*** Opening EXERCISE DATA ***
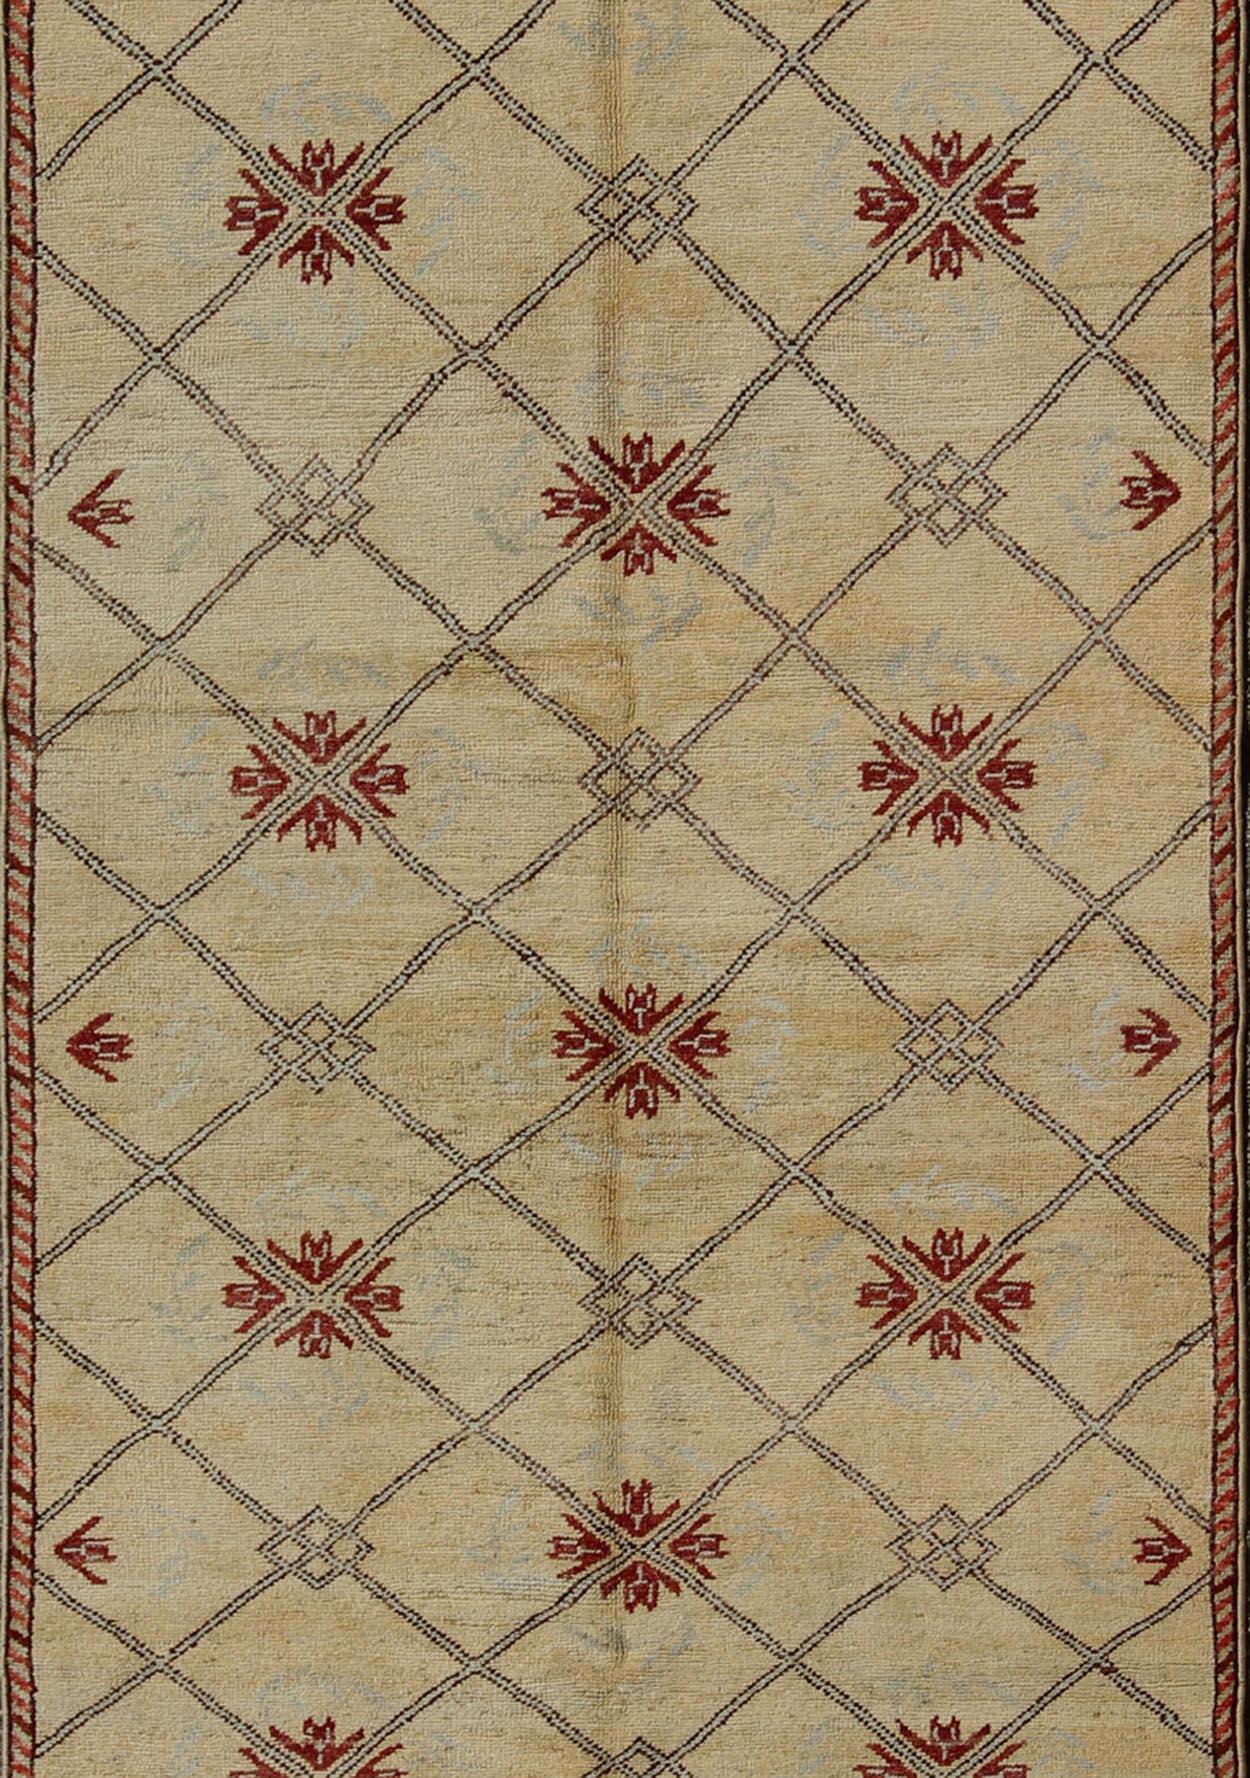 Vintage Turkish Cross-Hatch Trellis Design Oushak Rug by Keivan Woven Arts

Measures: 4'2 x 9'7

This 1940's Turkish Oushak features a cross hatch design with sub-geometric motifs in the crossings. The field is rendered in a creamy yellow, with
*** Closing EXERCISE DATA ***
## [WORK REQUIRED]
Please write out the whole listing exactly, but not the pictures in it.

## [EXERCISE OUTPUT]
 Vintage Turkish Cross-Hatch Trellis Design Oushak Rug by Keivan Woven Arts

Measures: 4'2 x 9'7

This 1940's Turkish Oushak features a cross hatch design with sub-geometric motifs in the crossings. The field is rendered in a creamy yellow, with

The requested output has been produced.